All times are Azerbaijan Summer Time (UTC+5)

==Results==
===Heats===
The six fastest boats in each heat, plus the three fastest remaining boats advanced to the semifinals.

====Heat 1====

| Rank | Kayaker | Country | Time | Notes |
|---|---|---|---|---|
| 1 | Max Hoff | Germany | 3:36.950 | QS, GB |
| 2 | Fabio Wyss | Switzerland | 3:38.626 | QS |
| 3 | Josef Dostál | Czech Republic | 3:38.703 | QS |
| 4 | Roi Rodríguez | Spain | 3:38.990 | QS |
| 5 | Miika Dietrich | Finland | 3:40.061 | QS |
| 6 | Antun Novaković | Croatia | 3:41.575 | QS |
| 7 | Christoph Kornfeind | Austria | 3:51.215 |  |
| 8 | Tamerlan Mustafayev | Azerbaijan | 3:58.144 |  |

====Heat 2====

| Rank | Kayaker | Country | Time | Notes |
|---|---|---|---|---|
| 1 | René Holten Poulsen | Denmark | 3:35.606 | QS, GB |
| 2 | Gábor Bozsik | Turkey | 3:38.071 | QS |
| 3 | Jonathan Boyton | Great Britain | 3:38.877 | QS |
| 4 | Laurens Pannecoucke | Belgium | 3:39.673 | QS |
| 5 | Peter Gelle | Slovakia | 3:40.139 | QS |
| 6 | Giulio Dressino | Italy | 3:40.978 | QS |
| 7 | Daniel Salbu | Norway | 3:43.027 | qS |
| 8 | Andreas Diamantis | Cyprus | 3:48.175 | qS |

====Heat 3====

| Rank | Kayaker | Country | Time | Notes |
|---|---|---|---|---|
| 1 | Fernando Pimenta | Portugal | 3:40.476 | QS |
| 2 | Marko Tomićević | Serbia | 3:41.142 | QS |
| 3 | Dan Costea | Romania | 3:41.776 | QS |
| 4 | Martin Brzeziński | Poland | 3:42.461 | QS |
| 5 | Jošt Zakrajšek | Slovenia | 3:45.367 | QS |
| 6 | Kyriakos Syriopoulos | Greece | 3:51.165 | QS |
| 7 | Darko Savić | Bosnia and Herzegovina | 3:53.614 |  |
| 8 | Konstantin Dejkoski | Macedonia | 4:02.329 |  |

====Heat 4====

| Rank | Kayaker | Country | Time | Notes |
|---|---|---|---|---|
| 1 | Aleh Yurenia | Belarus | 3:36.045 | QS |
| 2 | Cyrille Carré | France | 3:37.460 | QS |
| 3 | Vasily Pogreban | Russia | 3:39.410 | QS |
| 4 | Miroslav Kirchev | Bulgaria | 3:43.812 | QS |
| 5 | Vitaliy Tsurkan | Ukraine | 3:44.533 | QS |
| 6 | László Solti | Hungary | 3:44.892 | QS |
| 7 | Aldis Vilde | Latvia | 3:46.228 | qS |

===Semifinals===
The fastest three boats advanced to the A final.
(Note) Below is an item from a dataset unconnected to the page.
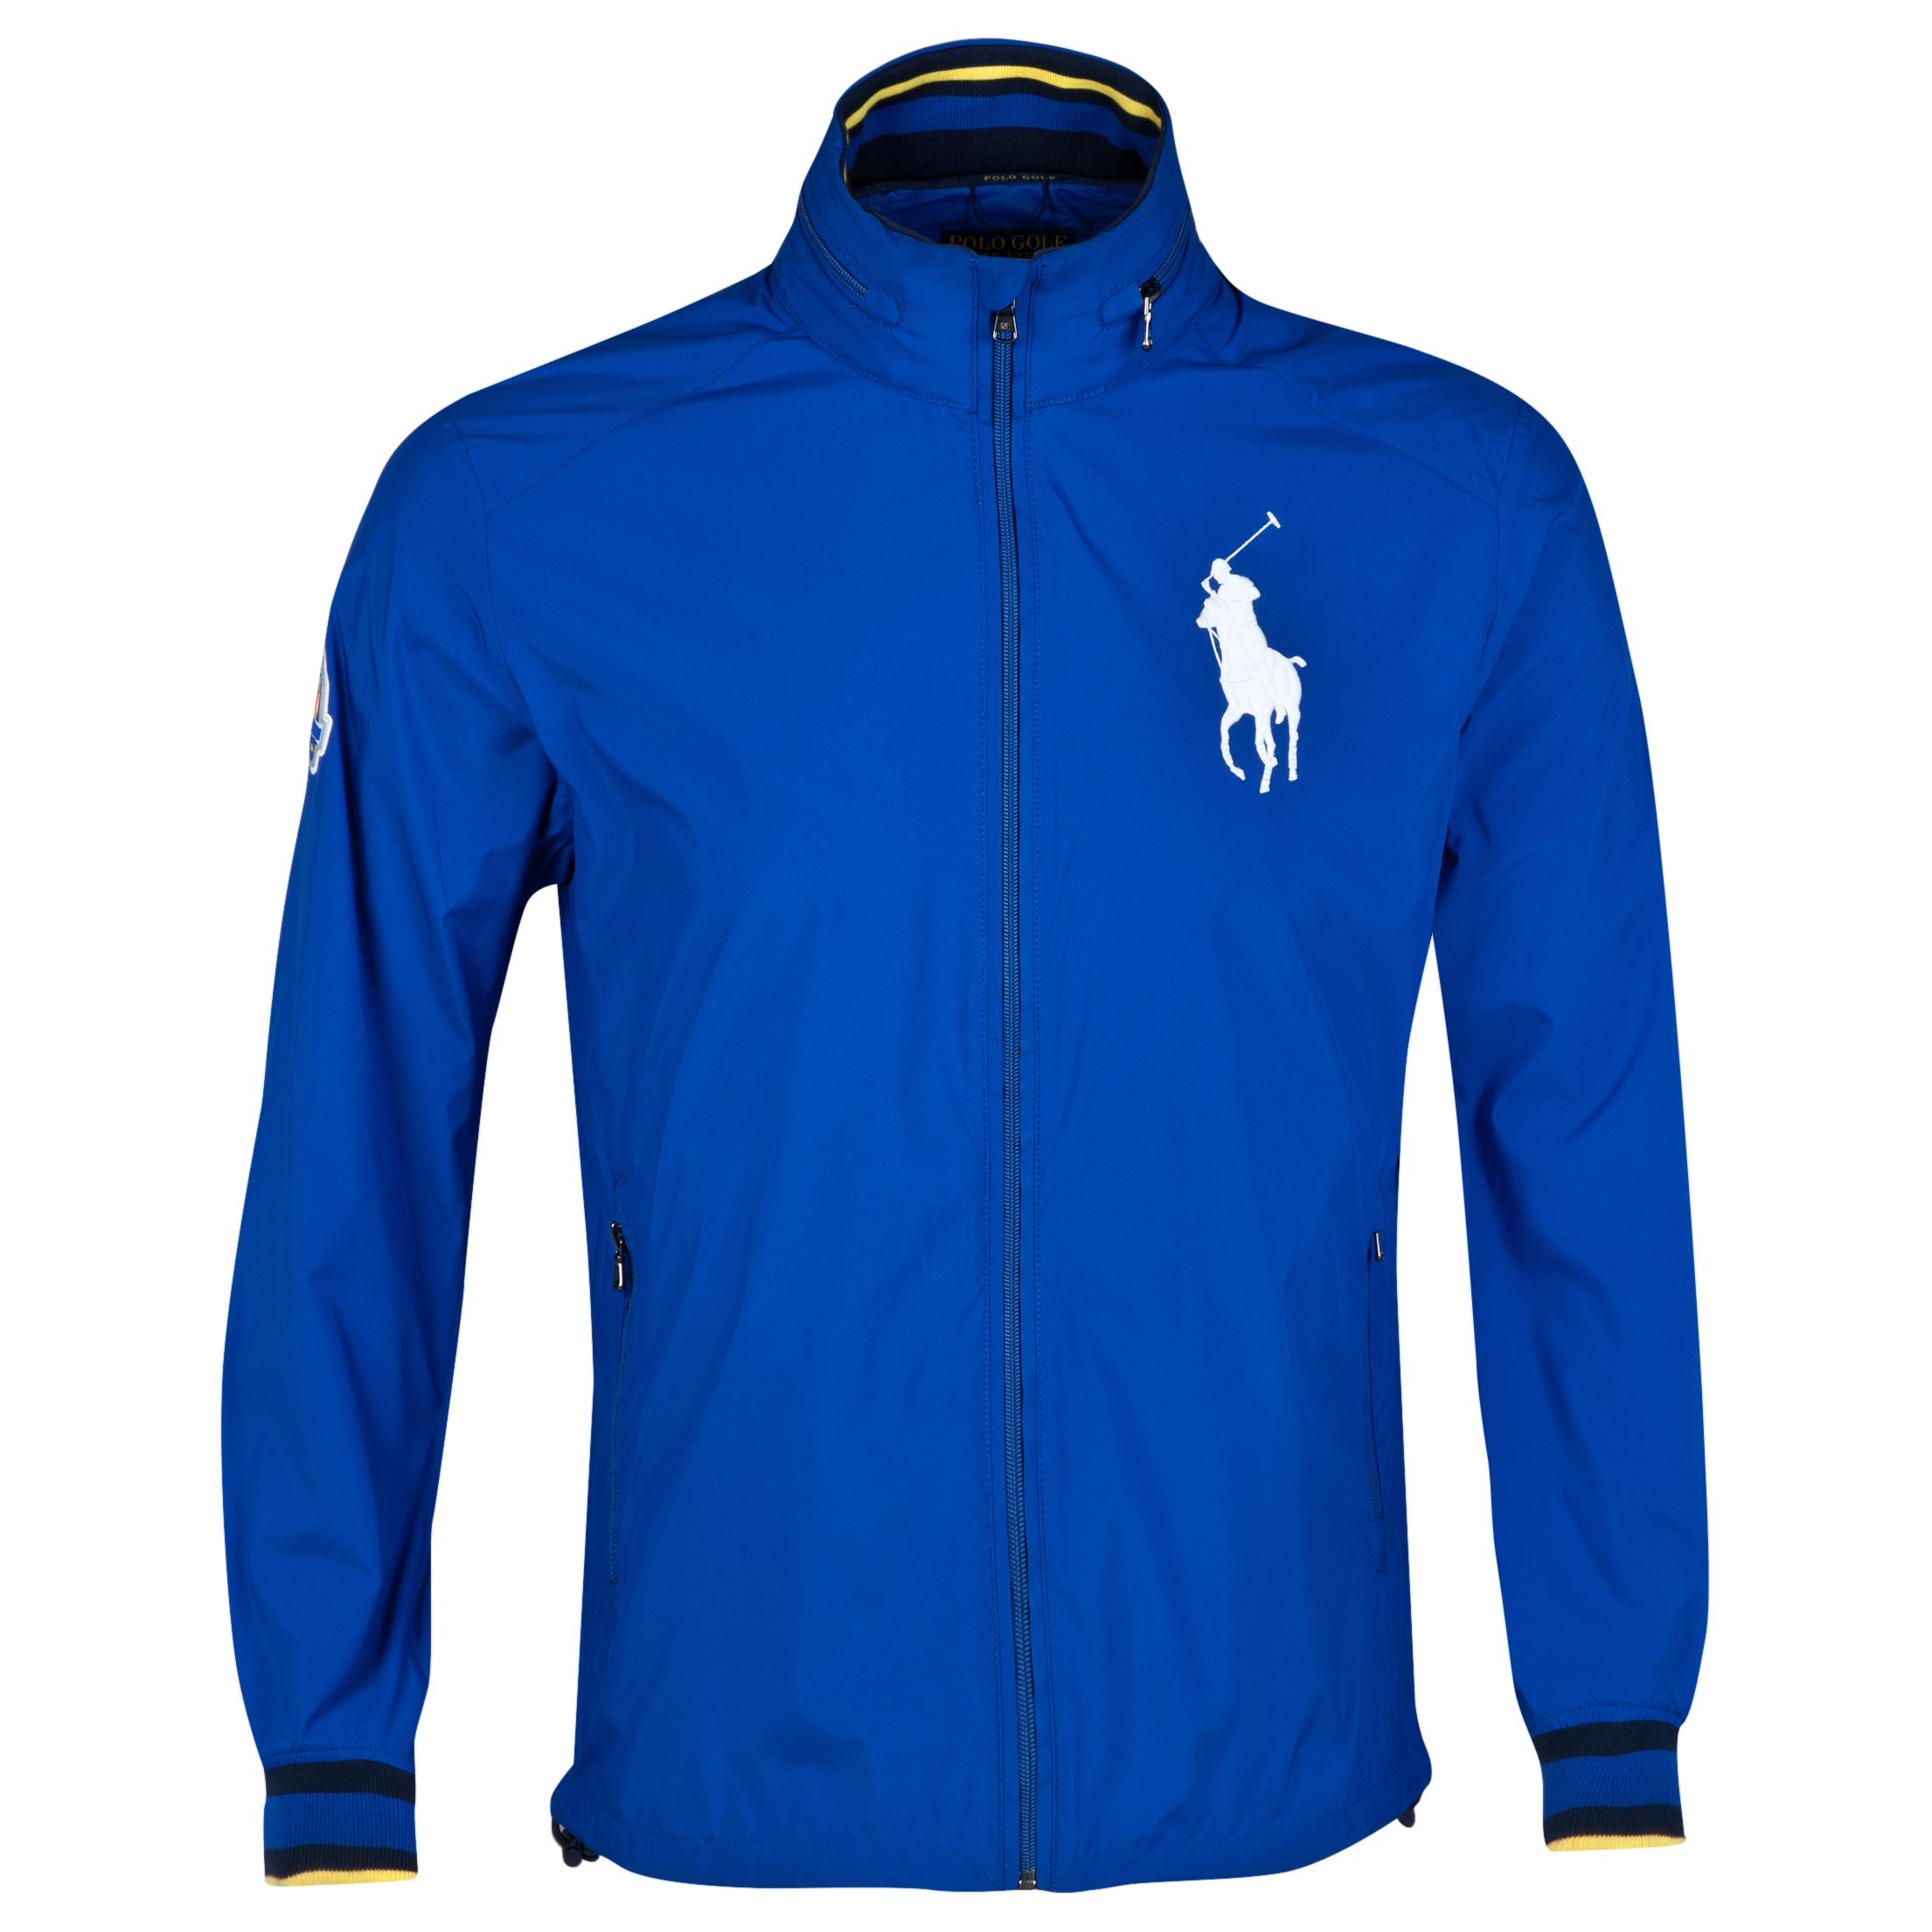 The 2014 Ryder Cup Ralph Lauren Big Pony Hooded Windbreaker Royal Blue

The next three fastest boats advanced to the B final.

====Semifinal 1====

| Rank | Kayaker | Country | Time | Notes |
|---|---|---|---|---|
| 1 | Max Hoff | Germany | 3:21.890 | QA, WB |
| 2 | Miroslav Kirchev | Bulgaria | 3:22.861 | QA |
| 3 | Marko Tomićević | Serbia | 3:24.651 | QA |
| 4 | Gábor Bozsik | Turkey | 3:26.322 | QB |
| 5 | Miika Dietrich | Finland | 3:28.064 | QB |
| 6 | Vasily Pogreban | Russia | 3:29.596 | QB |
| 7 | Jošt Zakrajšek | Slovenia | 3:32.307 |  |
| 8 | Daniel Salbu | Norway | 3:32.590 |  |
| 9 | Giulio Dressino | Italy | 3:45.026 |  |

====Semifinal 2====

| Rank | Kayaker | Country | Time | Notes |
|---|---|---|---|---|
| 1 | René Holten Poulsen | Denmark | 3:23.778 | QA |
| 2 | Cyrille Carré | France | 3:24.237 | QA |
| 3 | Josef Dostál | Czech Republic | 3:25.441 | QA* |
| 4 | Peter Gelle | Slovakia | 3:25.951 | QB |
| 5 | Roi Rodríguez | Spain | 3:25.969 | QB |
| 6 | Martin Brzeziński | Poland | 3:28.718 | QB |
| 7 | Dan Costea | Romania | 3:31.010 |  |
| 8 | László Solti | Hungary | 3:33.773 |  |
| 9 | Aldis Vilde | Latvia | 3:41.231 |  |

====Semifinal 3====

| Rank | Kayaker | Country | Time | Notes |
|---|---|---|---|---|
| 1 | Fernando Pimenta | Portugal | 3:25.832 | QA |
| 2 | Aleh Yurenia | Belarus | 3:26.596 | QA |
| 3 | Jonathan Boyton | Great Britain | 3:27.898 | QA |
| 4 | Fabio Wyss | Switzerland | 3:29.661 | QB |
| 5 | Laurens Pannecoucke | Belgium | 3:29.689 | QB |
| 6 | Vitaliy Tsurkan | Ukraine | 3:31.925 | QB |
| 7 | Antun Novaković | Croatia | 3:32.120 |  |
| 8 | Andreas Diamantis | Cyprus | 3:36.107 |  |
| 9 | Kyriakos Syriopoulos | Greece | 3:49.098 |  |

===Finals===

====Final B====
Competitors in this final raced for positions 10 to 18.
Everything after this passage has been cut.